Project Life

I remember sitting on the floor with an enormous scrapbook - as wide as my cross-legged lap.  I slowly opened the cover, the thin protective tissue page crackling as I did.  Turning those stiff pages, I was greeted with aged newspaper clippings, half torn dance tickets, sepia-toned pictures of children I couldn't recognize, and flattened ribbons.

This was my mother's life before me.

I was absolutely fascinated by the idea.

Here was a article she had cut from the local newspaper about a win by the college baseball team.  Near the bottom, she had highlighted a single name - my dad's.  I would try to picture her in her bedroom with the pair of scissors, carefully cutting around the words while she pined after my father.  And here was a photo of them when her hair was long and he was wearing bell bottoms.

There was that old scrapbook and some picture albums and a box filled to the brim without any order with keepsakes from my mom's childhood.  I sifted through it like a gold prospector, rippling with excitement when I uncovered something exciting - a note with my mom's childish handwriting or a photo of her in a fringy dance costume with her hair set in curls.

I realized recently that it has been with an eye toward my own future children that I have documented much of my life.  I have imagined them cracking open a page of the journal I got for my 8th birthday and reading about my elementary school tribulations.  I have smiled at the thought of tiny little hands pouring through photographs and trying to see the people in the pictures in the women (so mom-like and unexciting) who feed them dinner.

Narcissistic perhaps, but it's born out of remembrance of my own childish joy.

Of course now with digital cameras, I don't have pictures around much.  Perhaps my child would be happy to simply scroll through them on the computer, but what if they want to sit on the floor with a scrapbook as big as their whole lap?

So these are the memories and the thoughts that have me hovering my cursor over the Add to Cart button on the Project Life website.  I've actually never been as scrapbooker myself.  I've kept a thousand journals and put together some photo albums, but once scrapbooking really became I think I was overwhelmed by all the work it took to create one single page.  My little perfectionist soul could never complete one.

But when I began reading Elise Blaha Cripe's website and watching her joyful documentation of her own life through Project Life, I started feeling the tug.  


From Elise Blaha Cripe

This was not just putting together a scrapbook of special occasions and life events - this was scrapbooking perfect for a child looking back on their mother's life - this was documenting the every day, the week.  A child could look back through this book and say this is what my parents looked like.  This is what they wore.  This is what they ate for dinner. 

And of course, I could look back later and say the same thing about the earlier versions of us.  Remember that year?  Look at what we were wearing then!  Remember how we used to eat that all the time?  Remember when we started planning that?
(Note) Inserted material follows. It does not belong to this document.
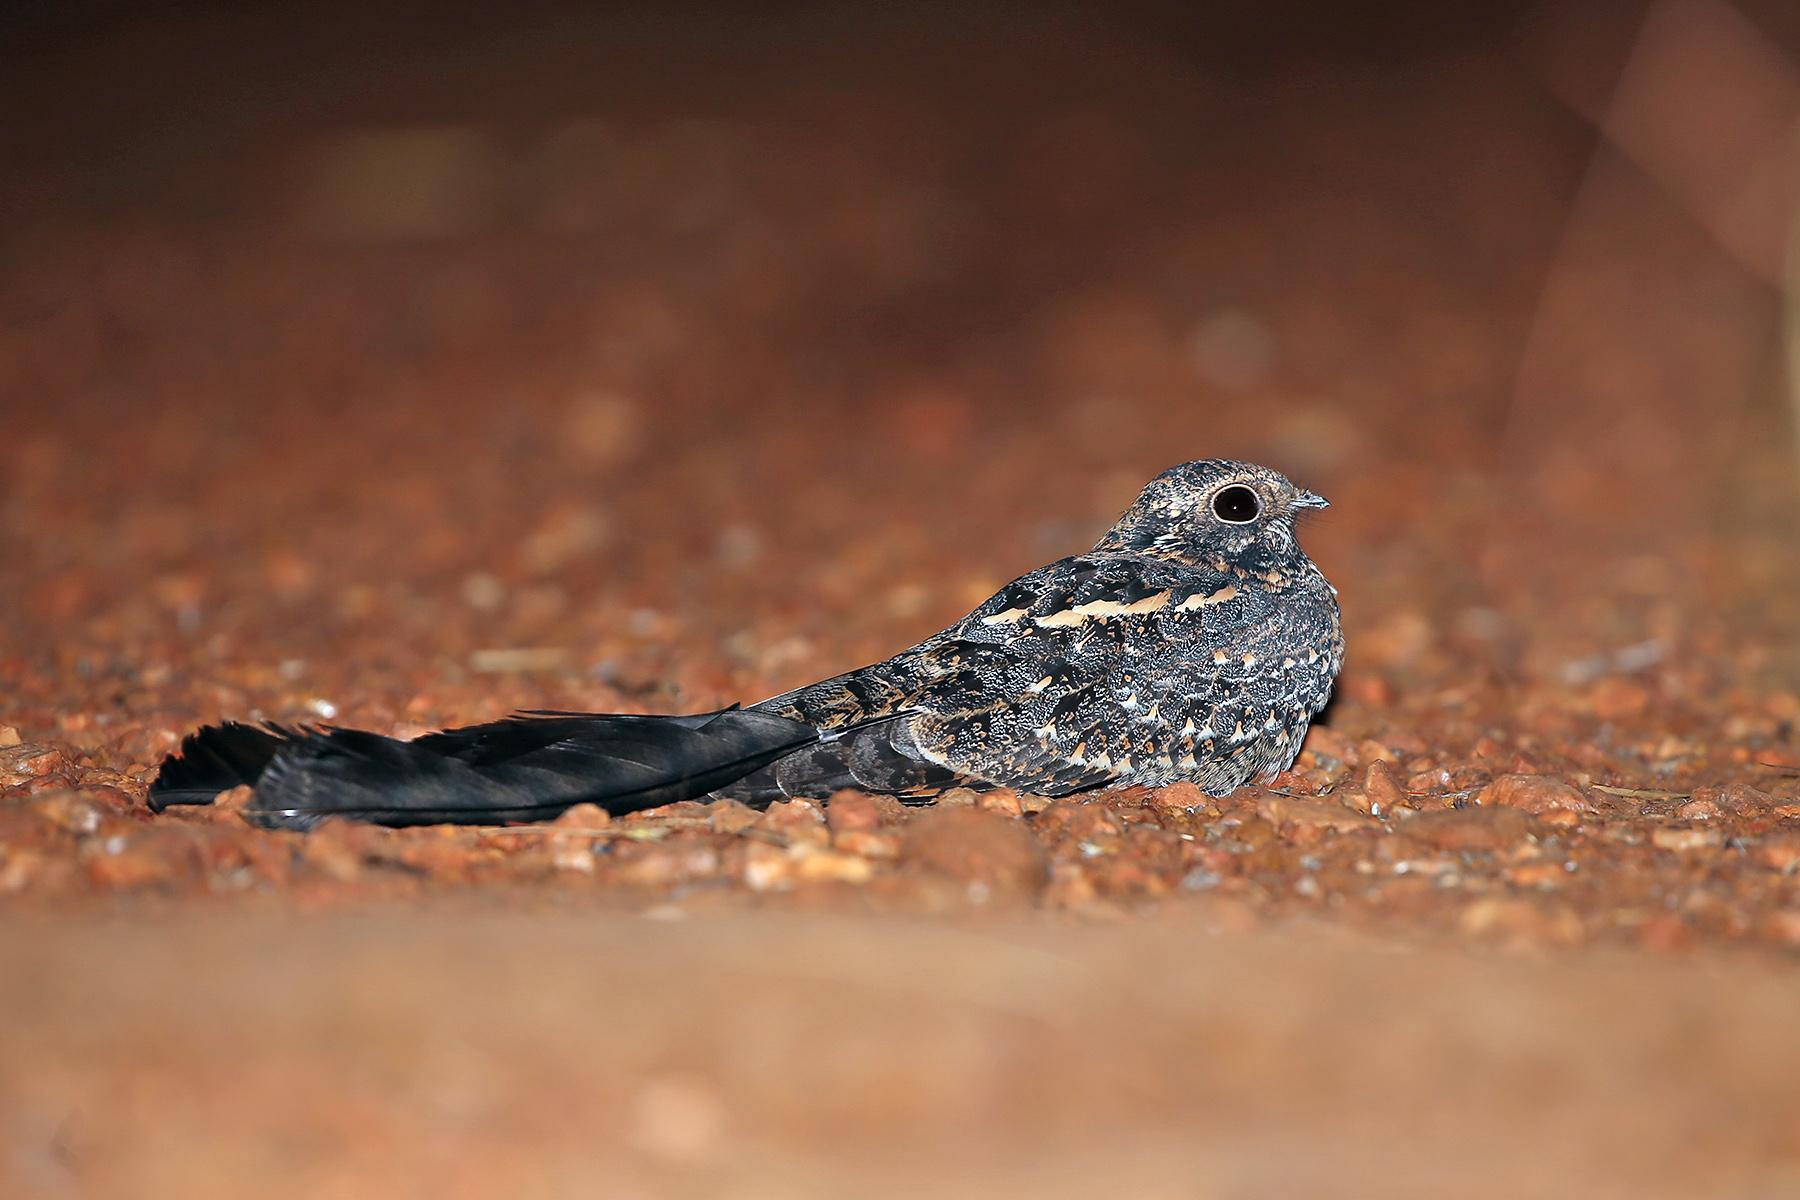 Standard-winged Nightjar in Ghana (image by Janos Olah)

The set up with a binder with removable photo pocket pages looks to me like it would be easy to fill - just print out your photos, cut your memorabilia down to size, journal on a little piece of paper and Bam.  You've got a week.

Of course, that requires having lots of supplies around, which I'm a little wary of since I've got boxes and boxes of supplies for projects that I've never completed.  Some I haven't even started!

So I keep holding off because I don't want to set myself up with another project when I have so many waiting in the wings.  And I'm worried about adding something to my plate that will take away time from my writing. 

But still there's the tug.

Of course, after all this fantasizing about wee little handles on my photos, I'll probably have a couple kids who care diddly about old stuff and just want their dinner.

What projects are tugging at your heart?